OpenAlex provides various methods for identifying open access literature. Within the work object, the open_access and best_oa_location elements, among others, contain information about the open access status at the article level. The sources object, on the other hand, gives information about the open access model of a journal.

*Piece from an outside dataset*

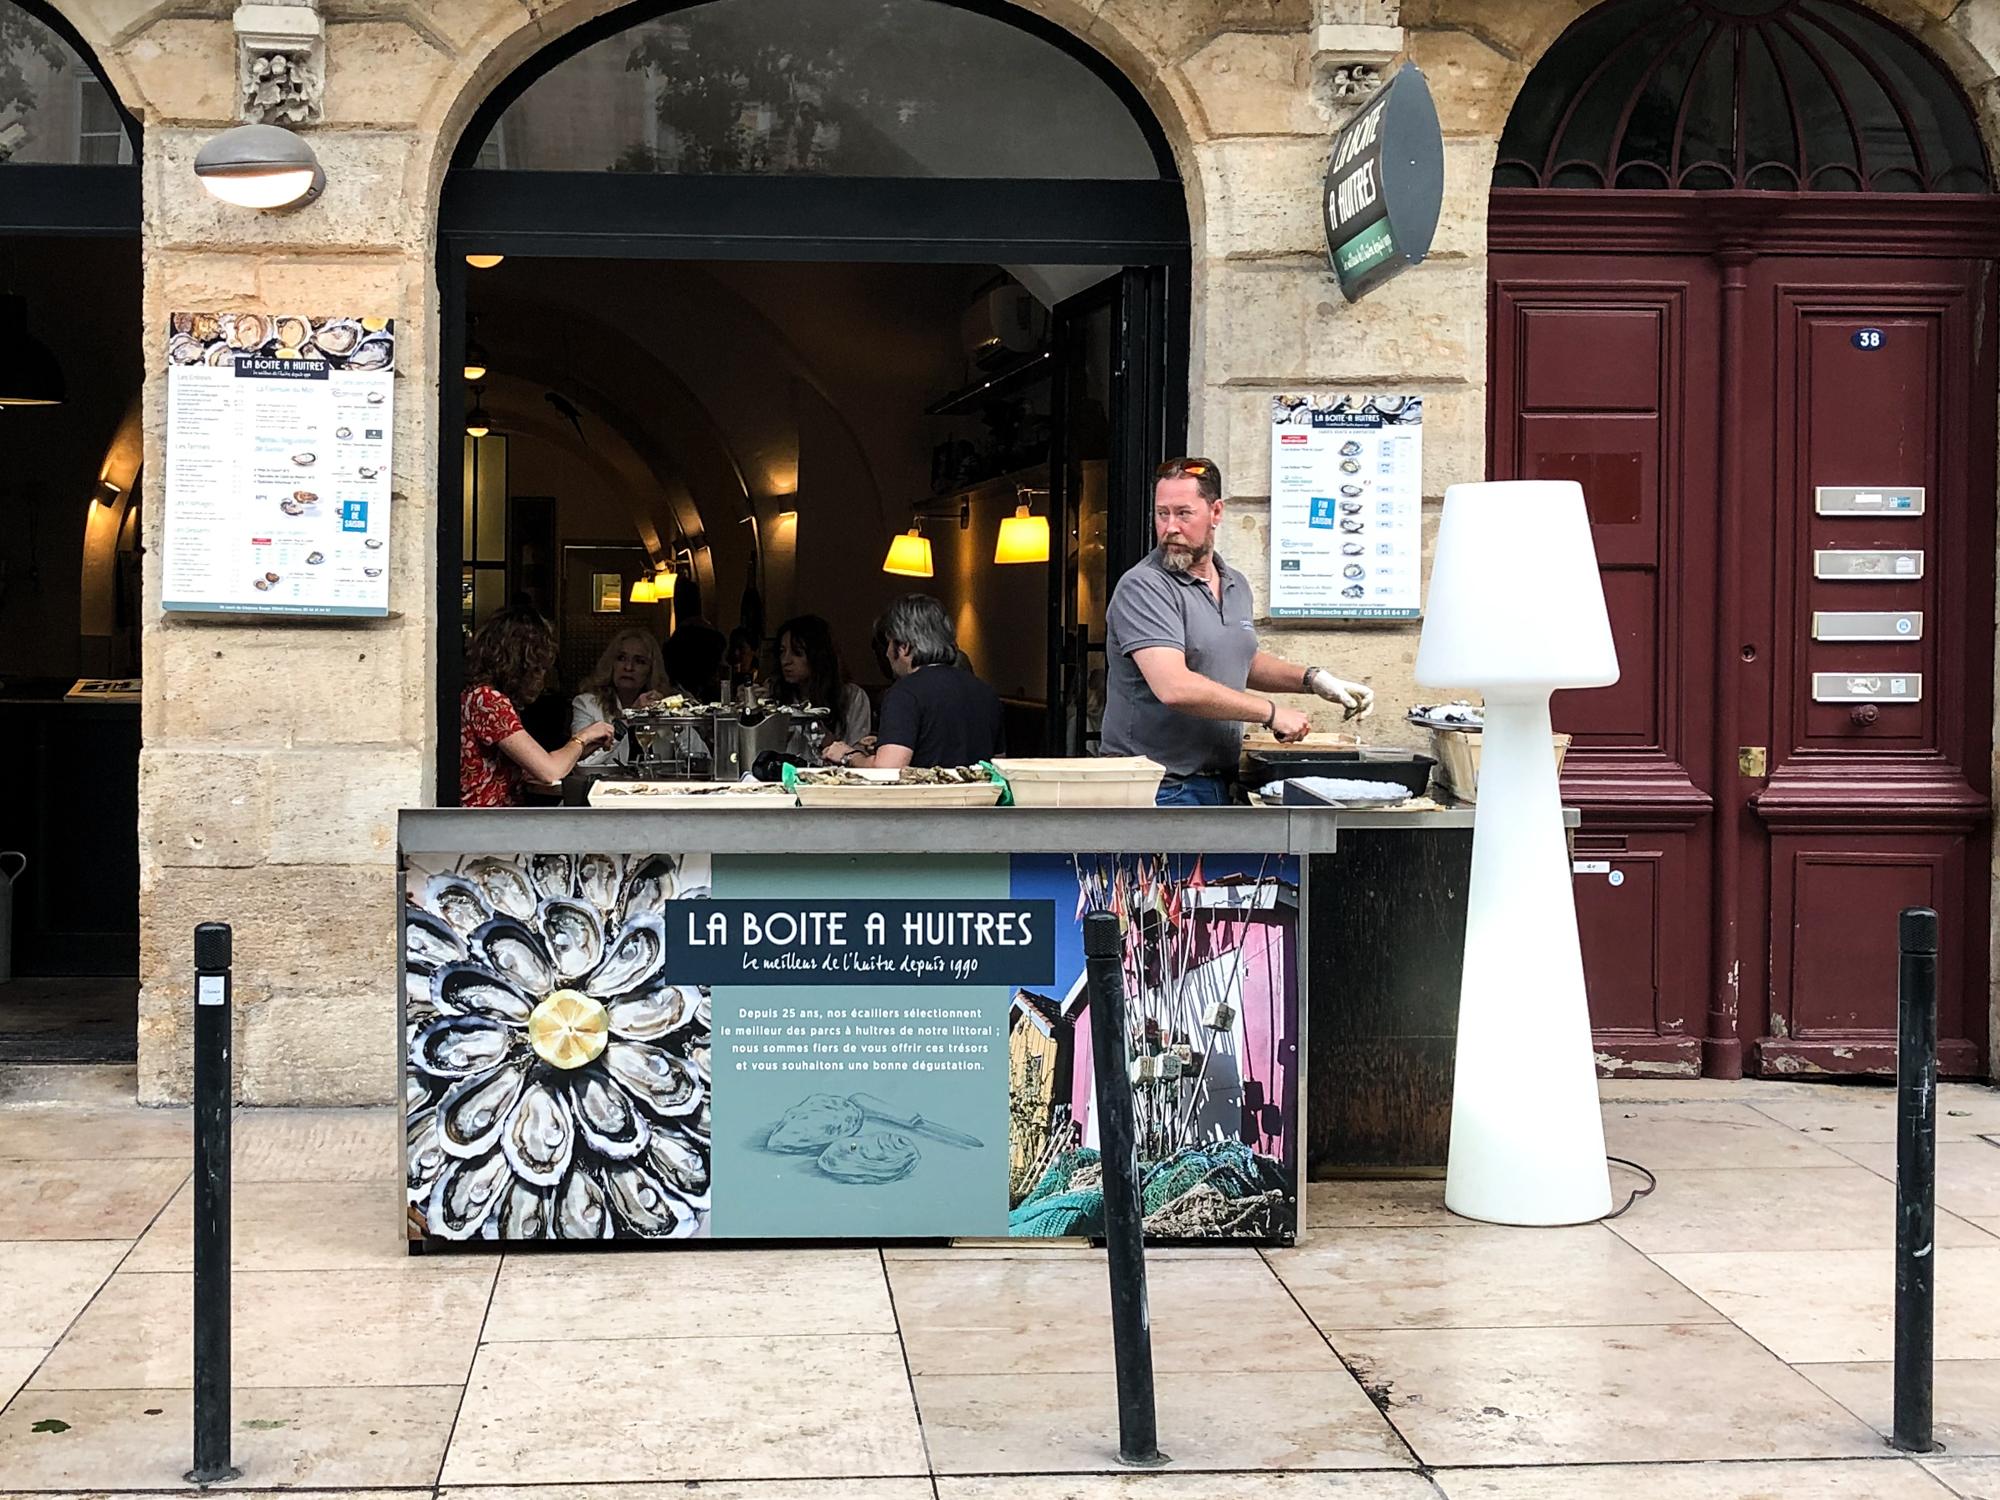 De lekkerste oesters van Bordeaux bij La Boite a Huitres

The issue we have identified is that filtering for open access works with is_oa:true returns more than four million records with the oa_status marked as closed, a discrepancy that is inconsistent with OpenAlex’s own documentation. Accordingly, OpenAlex follows Unpaywall’s methodology, tagging openly available works (is_oa) and qualifying their open access status (oa_status) using the following labels:

In case no open access full-text could be found, the open access status is marked as “closed”.

Understanding the issue

To better understand this issue, we analysed the most recent OpenAlex snapshot from October 2023. After importing the data into our BigQuery data warehouse, we created a subset focusing on journal articles published since 2013, excluding retractions and non-scholarly content published in journals.

CREATE OR REPLACE TABLE
  subugoe-collaborative.resources.oalex_cr_journal_articles_13_23 AS (
  SELECT
  doi,
  publication_year,
  open_access,
  best_oa_location,
  sources.is_oa AS journal_is_oa,
  sources.is_in_doaj AS journal_is_in_doaj,
  sources.host_organization_name AS publisher_name
FROM
  `subugoe-collaborative.openalex.works`
LEFT JOIN
  `subugoe-collaborative.openalex.sources` AS sources
ON
  primary_location.source.id = sources.id
WHERE
  type_crossref = "journal-article"
  AND is_paratext = FALSE
  AND is_retracted = FALSE
  AND publication_year BETWEEN 2013
  AND 2023 )

We then analysed the open access prevalence over the years, aggregating the record counts across both is_oa and oa_status.

SELECT
  COUNT(DISTINCT doi) AS articles,
  publication_year,
  open_access.is_oa,
  open_access.oa_status
FROM
  `subugoe-collaborative.resources.oalex_cr_journal_articles_13_23`
GROUP BY
  open_access.is_oa,
  open_access.oa_status,
  publication_year
ORDER BY
  publication_year DESC

The resulting figure shows the distribution of open access evidence in OpenAlex over the years. All possible open access status values, as known from Unpaywall, were also represented in OpenAlex. The figure also presents the number of records with (blue bar chart stacks) or without (grey bar chart stacks) open access full-text according to the information provided by is_oa. Notably, the bulk of contradictory open access information could be found in records representing journal articles published in 2023, with 1,197,013 articles tagged as open access, but assigned the open access status “closed”.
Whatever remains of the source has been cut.